This new supplement for the Hail Caesar rules from Warlord Games covers the Dark Ages or more correctly ‘Early Medieval’ period in great detail, with new special rules and updated army lists.
The book begins with a useful potted history of the period being covered with the major players being outlined, before going on to their strategies, weapons and tactics.
The books author clearly felt that in order to experience realistic “Sub-Roman” combat (that’s 400 – 600AD), rules for small scale warfare needed to be included in the supplement. Therefore rules have been borrowed from the HC supplement ‘Rome’s Dacian Wars’, tweaked and included here between pages 16 and 27 to provide readers with what is effectively a new game which operates outside of the parameters of Hail Caesar. These are skirmish level rules for around twenty individually based figures per side.
After this interlude into skirmish gaming the book picks up with more history on the Hept-arachy period between 600 – 800AD.
Before more of the same for the Viking Era: 800 – 1000AD.
We then have four pages of Hail Caesar Special Rules for the Dark Ages.
Whereas the Army Lists in the main Hail Caesar rulebook aim to provide for a clash of large armies, the new supplement adds a level of historical ‘realism’ by categorizing the units as large Warbands led by a Warlord, as opposed to the ‘true’ military forces of the later Medieval eras.
A change to the leadership rules means that each division must be led by a commander, with any ‘Royal’ division being led by the General or King. Divisions are noted as being at least four non-skirmisher units, and leadership is a little different, with divisional leaders having a leadership of 7 and a fighting value of 2.
Generals or kings are base lined at leadership 8 and fighting value of 2. This has been done to reflect the difficulty of command and control in the Dark Ages, although these values can be adapted by scenario rules.
The Dark Ages were also about direct, heroic leadership between kin and clan, and the rules specify that each commander must be attached to a unit, although they still have the ability to command others within 12”. If the commander or general is lost, it becomes a major event, so units must roll to assess how they react.
The new ‘Shieldwall’ rule replaces the Close Ranks Rule found in the Hail Caesar rulebook. It takes a turn of remaining stationary to enter Shieldwall, a typically Dark Age strategy, which means the force moves at half speed and deducts 1 from their combat values. However, they gain a +1 to their morale and break test rolls.
In the new rules, religion also plays its part. A warband or army is either Pagan or Christian. Depending upon the scenario rules, the general’s unit receives a free religious icon, which may be chosen from a simple list and provides a bonus to certain dice rolls.

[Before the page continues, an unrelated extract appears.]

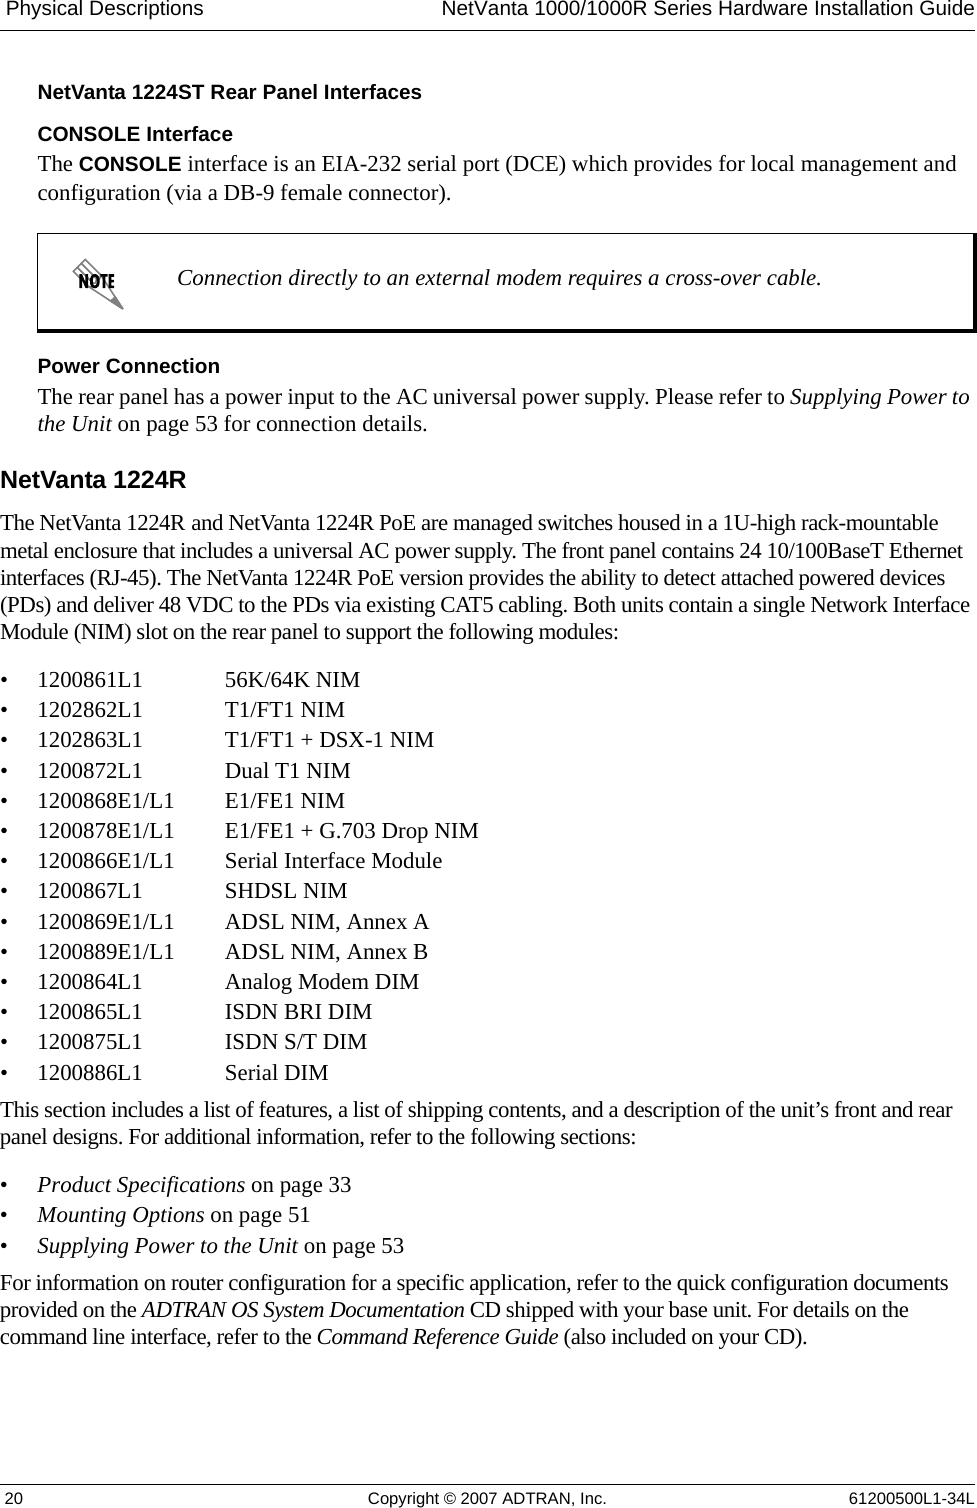  Physical Descriptions NetVanta 1000/1000R Series Hardware Installation Guide 20 Copyright © 2007 ADTRAN, Inc. 61200500L1-34LNetVanta 1224ST Rear Panel InterfacesCONSOLE InterfaceThe CONSOLE interface is an EIA-232 serial port (DCE) which provides for local management and configuration (via a DB-9 female connector).Power ConnectionThe rear panel has a power input to the AC universal power supply. Please refer to Supplying Power to the Unit on page 53 for connection details.NetVanta 1224R The NetVanta 1224R and NetVanta 1224R PoE are managed switches housed in a 1U-high rack-mountable metal enclosure that includes a universal AC power supply. The front panel contains 24 10/100BaseT Ethernet interfaces (RJ-45). The NetVanta 1224R PoE version provides the ability to detect attached powered devices (PDs) and deliver 48 VDC to the PDs via existing CAT5 cabling. Both units contain a single Network Interface Module (NIM) slot on the rear panel to support the following modules:• 1200861L1 56K/64K NIM• 1202862L1 T1/FT1 NIM• 1202863L1 T1/FT1 + DSX-1 NIM• 1200872L1 Dual T1 NIM• 1200868E1/L1 E1/FE1 NIM• 1200878E1/L1 E1/FE1 + G.703 Drop NIM• 1200866E1/L1 Serial Interface Module• 1200867L1 SHDSL NIM• 1200869E1/L1 ADSL NIM, Annex A• 1200889E1/L1 ADSL NIM, Annex B• 1200864L1 Analog Modem DIM• 1200865L1 ISDN BRI DIM• 1200875L1 ISDN S/T DIM• 1200886L1 Serial DIMThis section includes a list of features, a list of shipping contents, and a description of the unit’s front and rear panel designs. For additional information, refer to the following sections:•Product Specifications on page 33•Mounting Options on page 51•Supplying Power to the Unit on page 53For information on router configuration for a specific application, refer to the quick configuration documents provided on the ADTRAN OS System Documentation CD shipped with your base unit. For details on the command line interface, refer to the Command Reference Guide (also included on your CD). Connection directly to an external modem requires a cross-over cable.

For example, Pagan Vikings may receive the Raven Banner, allowing the unit carrying it to re-roll a failed attack dice once per turn. The Christian Saxons could carry a Piece of the True Cross, allowing the unit to re-roll a break test.
Following these new rules We then have a simple campaign system which contains detailed descriptions and maps for 15 battles which may be run as one-off scenarios or as part of a campaign using the rules included.
Many classic battles of the Dark Ages are covered here including at the beginning of the period King Arthur’s famous stand at Badon Hill, and at the end the mass multi-army pile up of Brunanburh in 937AD.
The Book concludes with army lists for: The Early Saxons, the British, Picts, Gaels, Vikings, Late Saxons and Irish-Norse.
The new Shieldwall supplement serves to bring more than a touch of the Dark Ages to the Hail Caesar rules system. It intentionally scales back the overall ‘size’ of the armies but retains the best aspects of the core rules: getting plenty of toys on the table and finishing the game in time for a visit to the pub.
The balance of historical insight and practical gaming rules is well thought out, with a good account of each type of warrior. In addition, the inclusion of the 7 army lists enables you to field warbands from most of the major nations of the era.
This is the first of two volumes dealing with the Dark Ages, with the yet to be released Volume 2 detailing the period from 1000 to 1066 AD.
Overall, this is a useful resource for those looking to game one particular period in more detail with added ‘flavour’.